──────── DATASET EXTRACT
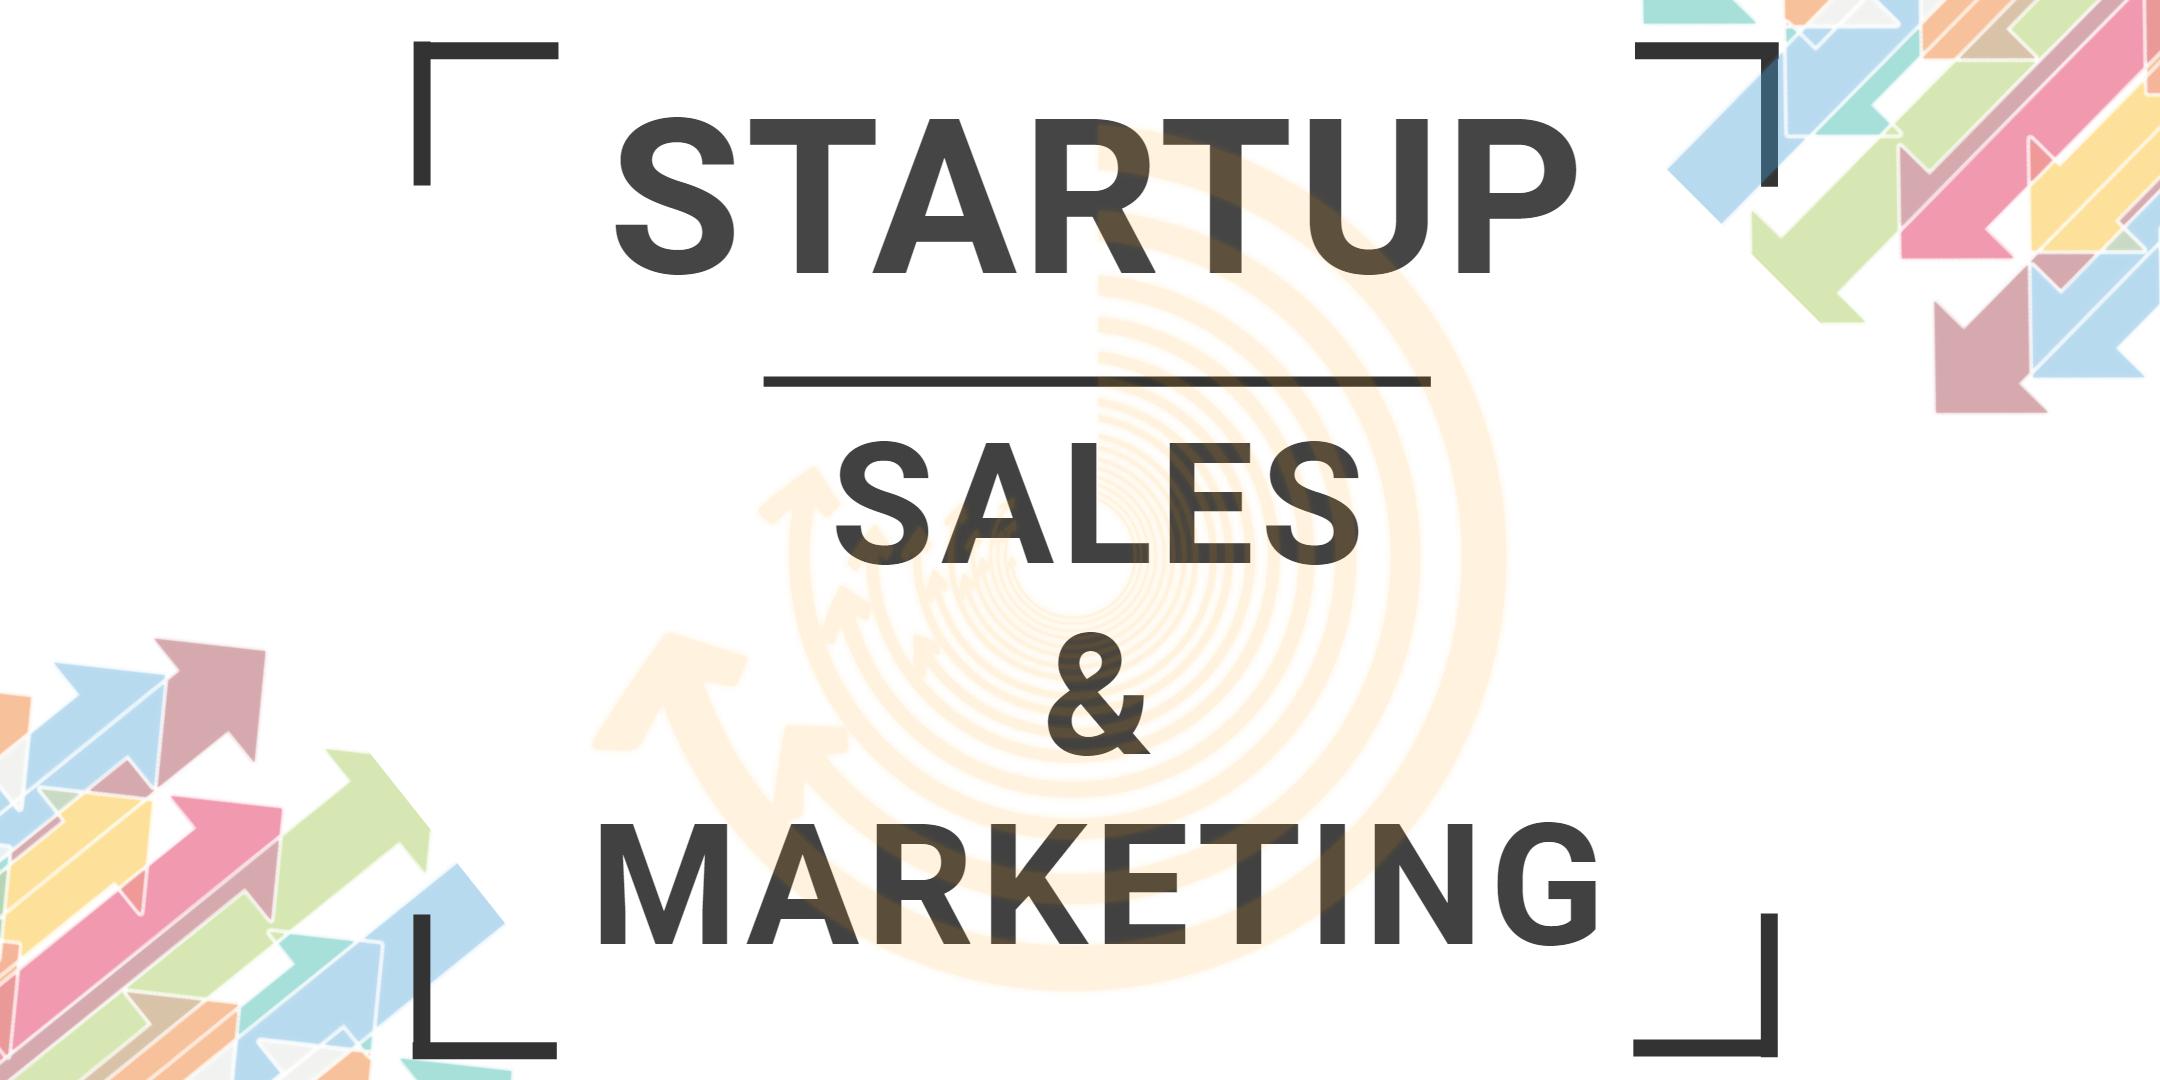 Startup Sales & Marketing Strategies
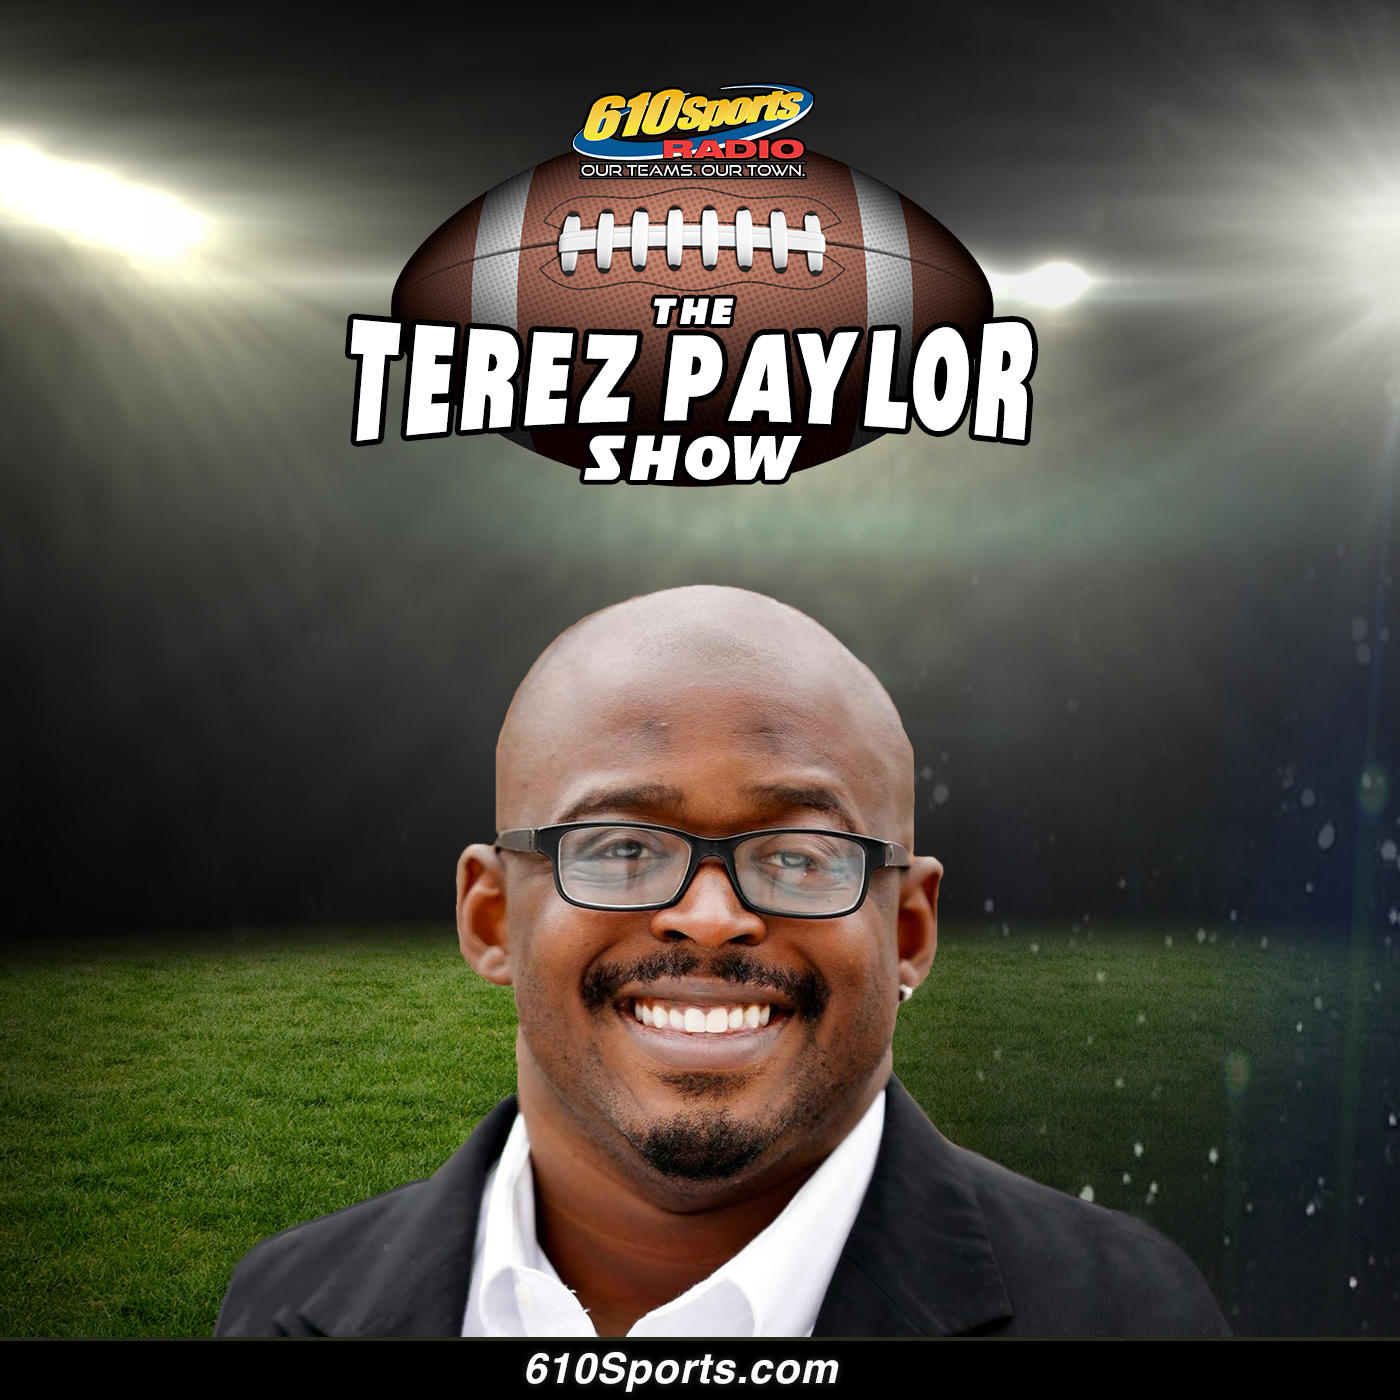 1/25/21 - The Terez Paylor Show
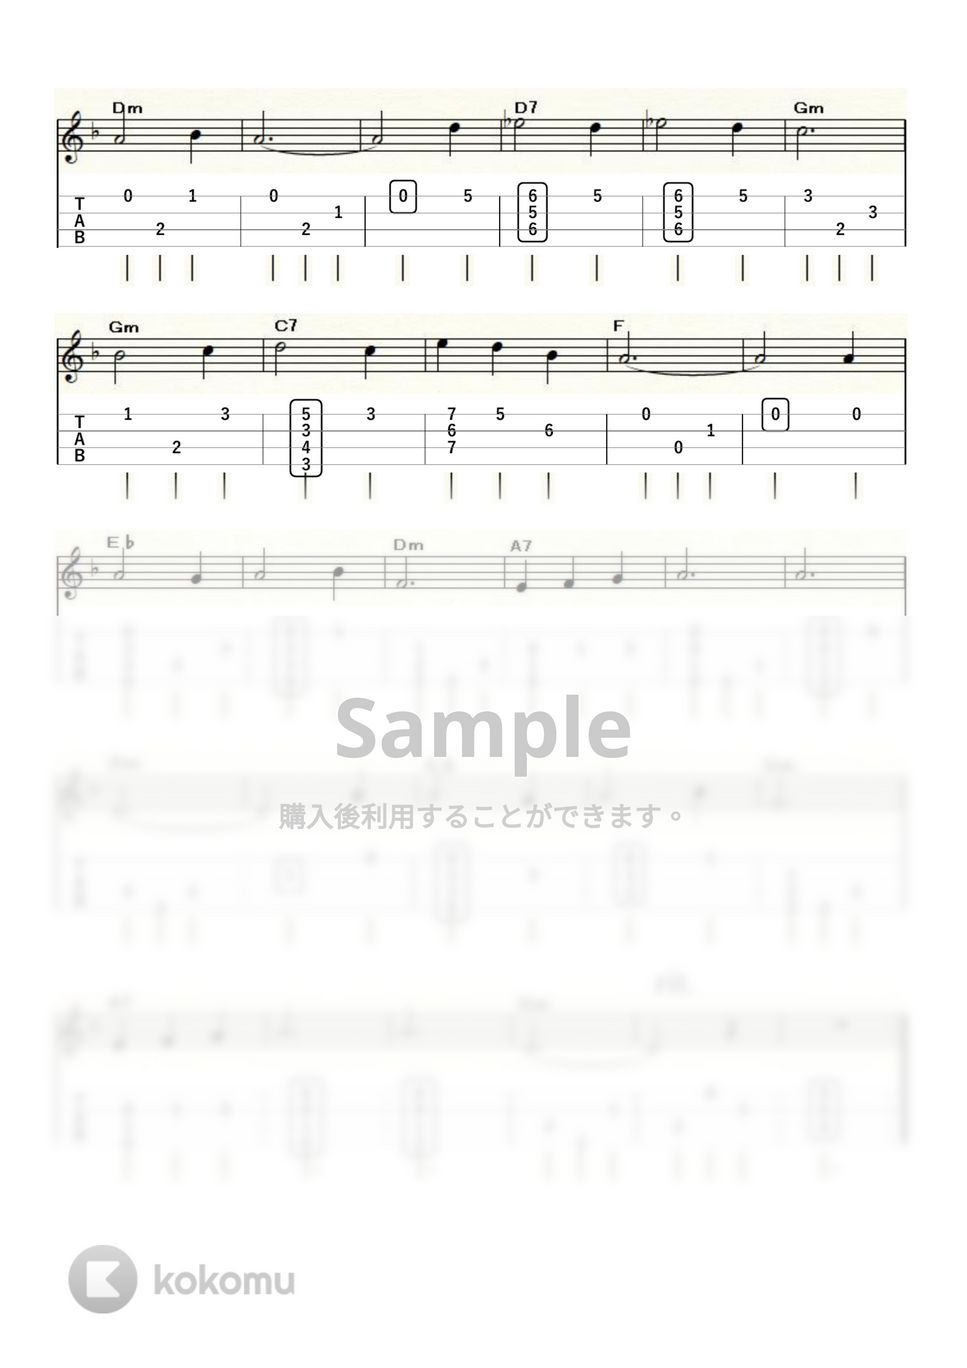 Nino ROTA - 太陽がいっぱい (ｳｸﾚﾚｿﾛ / Low-G / 初級～中級) by ukulelepapa
────────────────
▸ WHAT IS NEEDED: Everything in the listing above, apart from its pictures, must be repeated exactly.

▸ WRITTEN ANSWER:
 Startup Sales & Marketing Strategies
 1/25/21 - The Terez Paylor Show
 Nino ROTA - 太陽がいっぱい (ｳｸﾚﾚｿﾛ / Low-G / 初級～中級) by ukulelepapa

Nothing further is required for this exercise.